## Exercise details
Print exactly the line that contains "#mural by Eddie", then every following line through the end of the material; include nothing else and no pictures.

## Data extract
────────────────

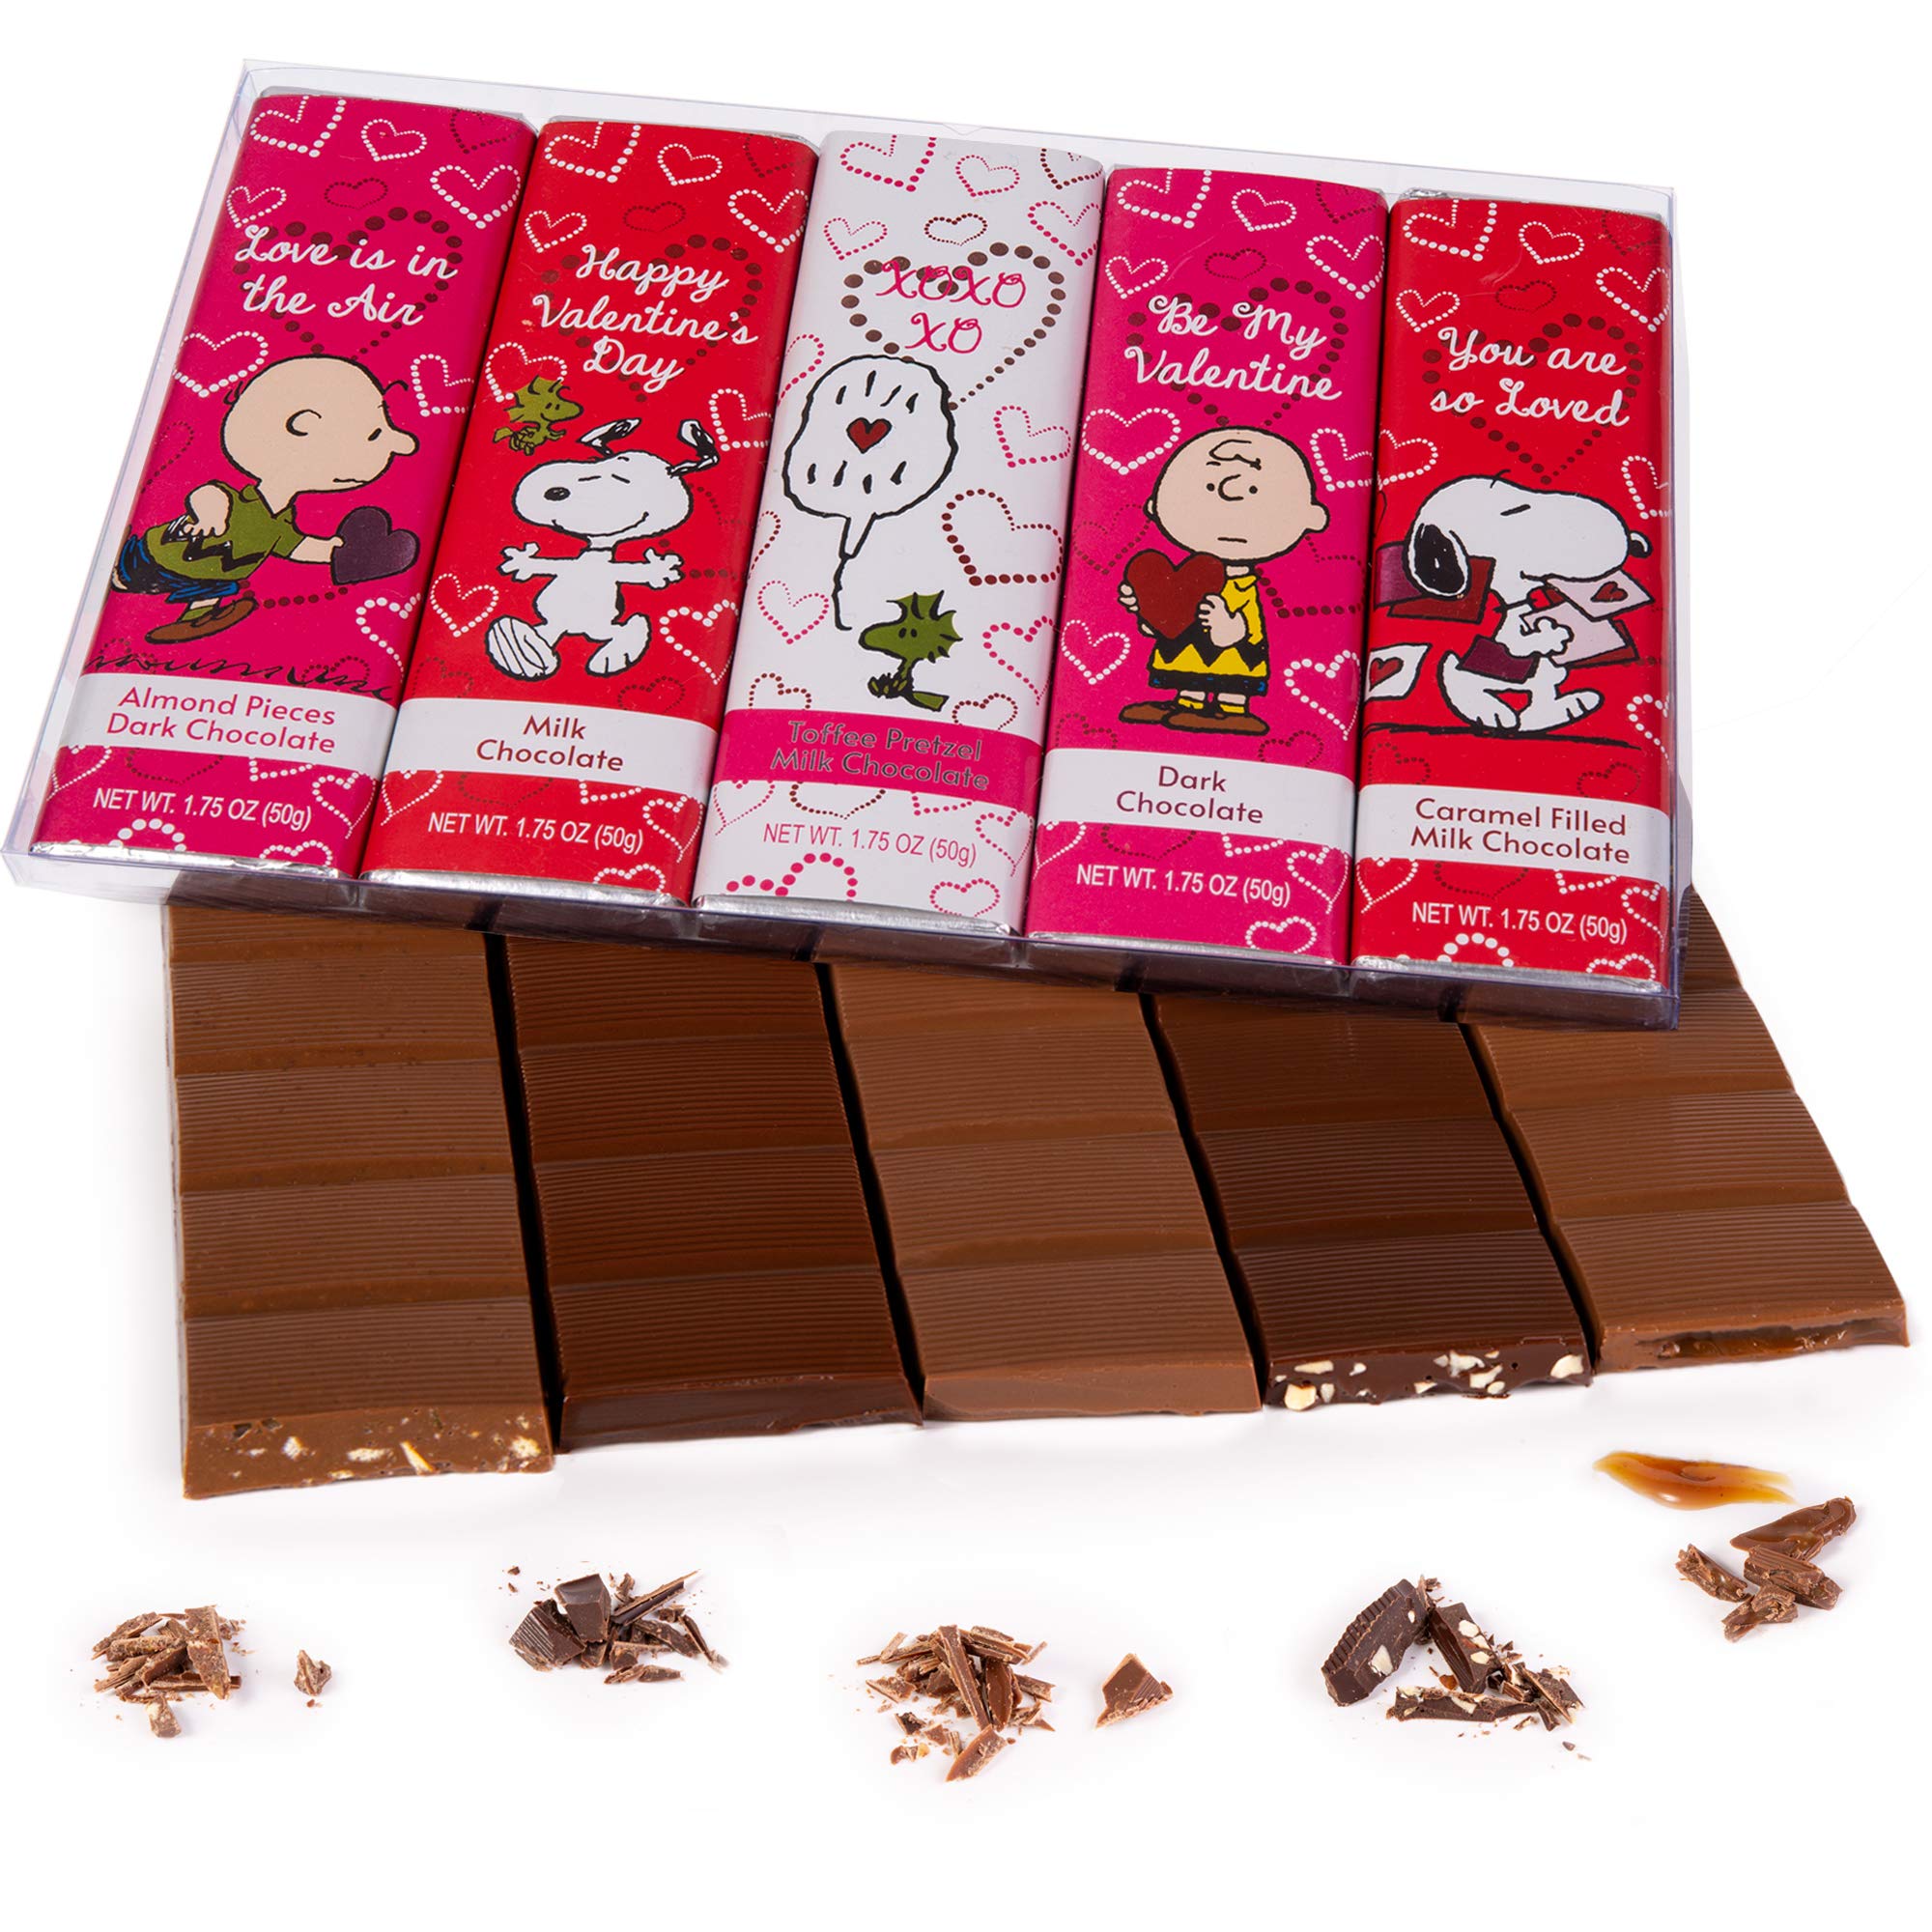 Peanuts Chocolate Variety Pack
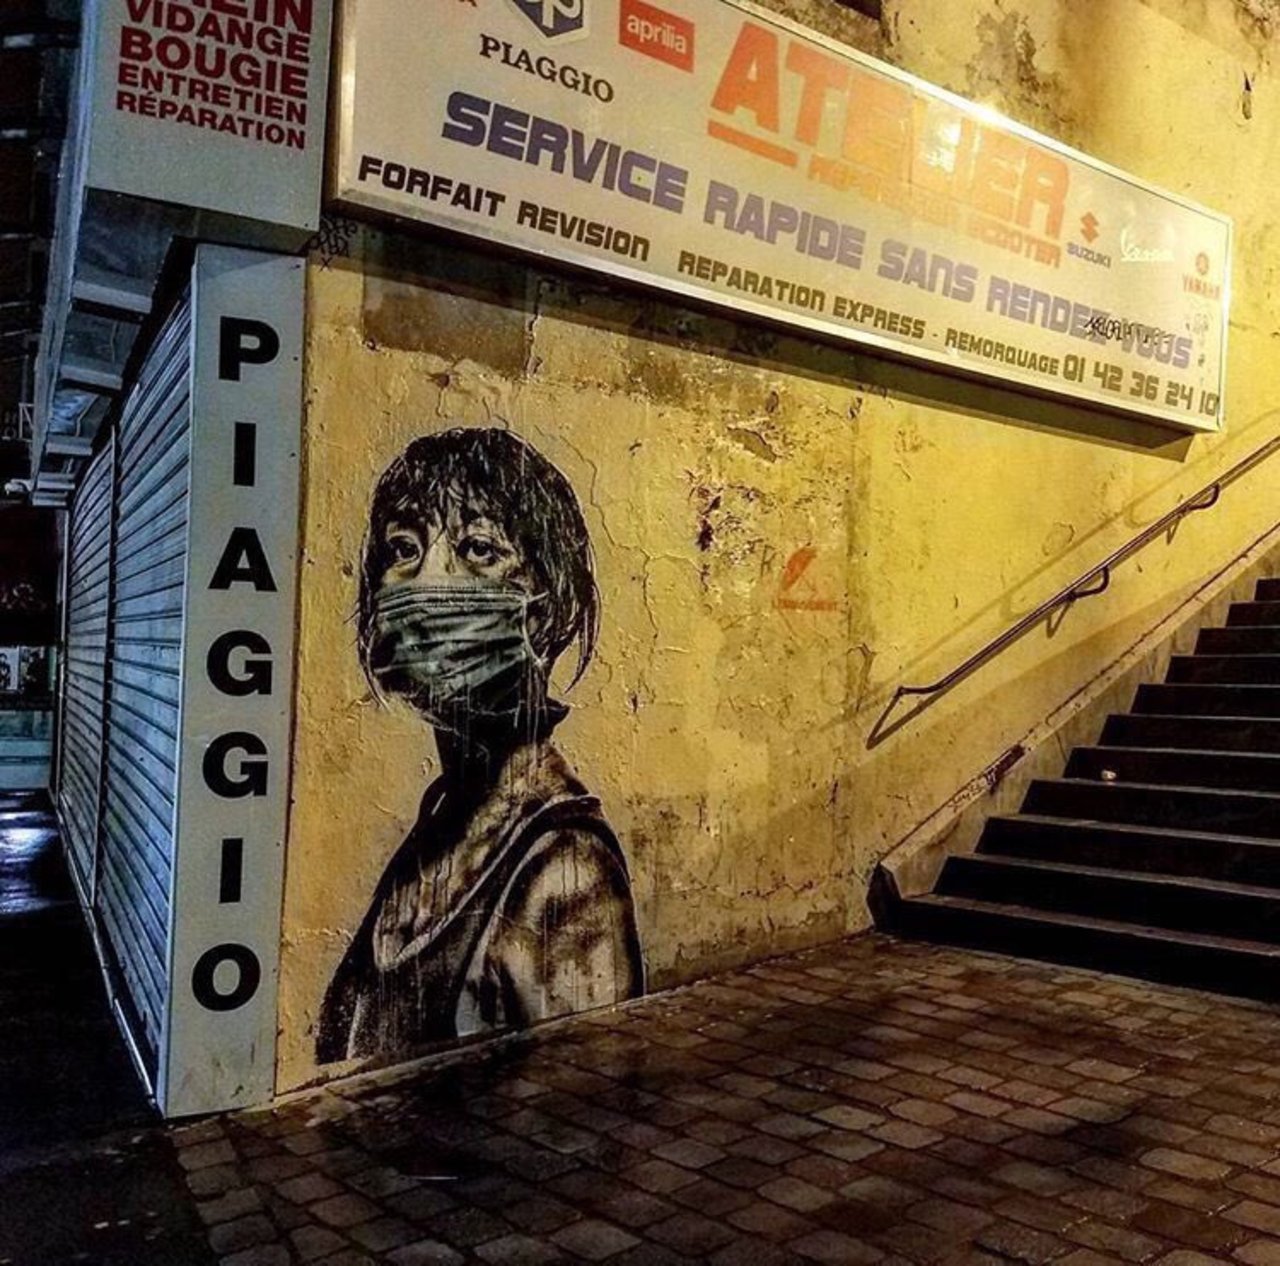 #mural by Eddie Colla #Paris #France #art #graffiti #streetart https://t.co/aHV7ptNadE
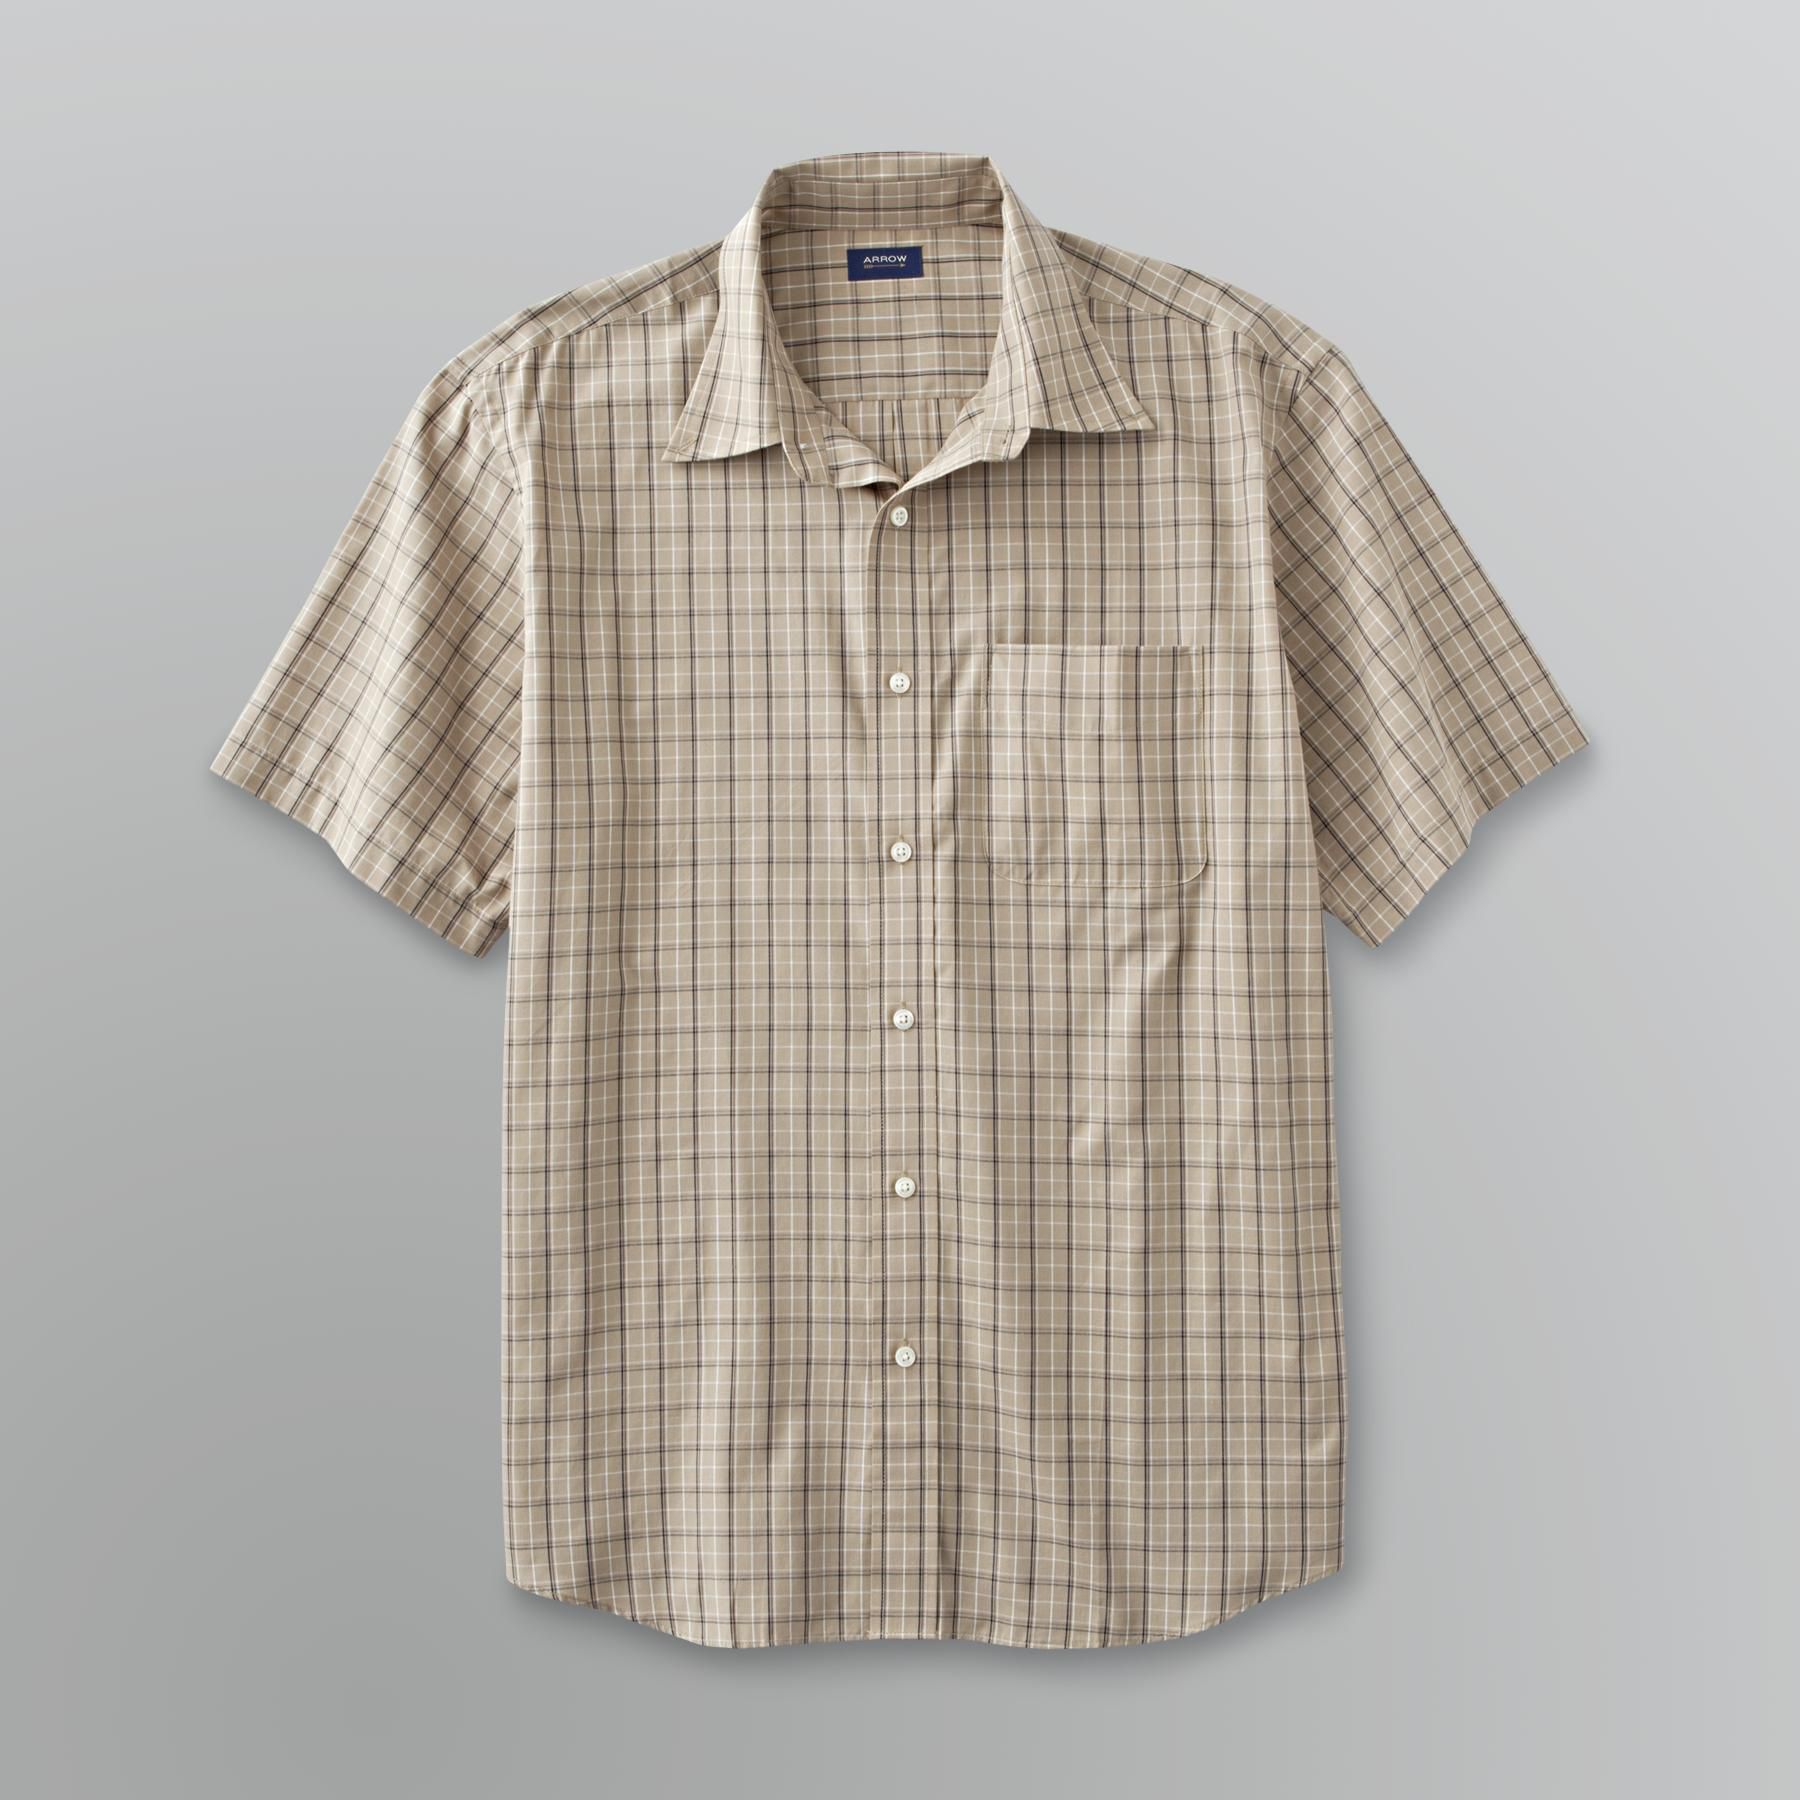 Arrow Men's Short Sleeve Plaid Shirt

────────────────

## Task output
 #mural by Eddie Colla #Paris #France #art #graffiti #streetart https://t.co/aHV7ptNadE
 Arrow Men's Short Sleeve Plaid Shirt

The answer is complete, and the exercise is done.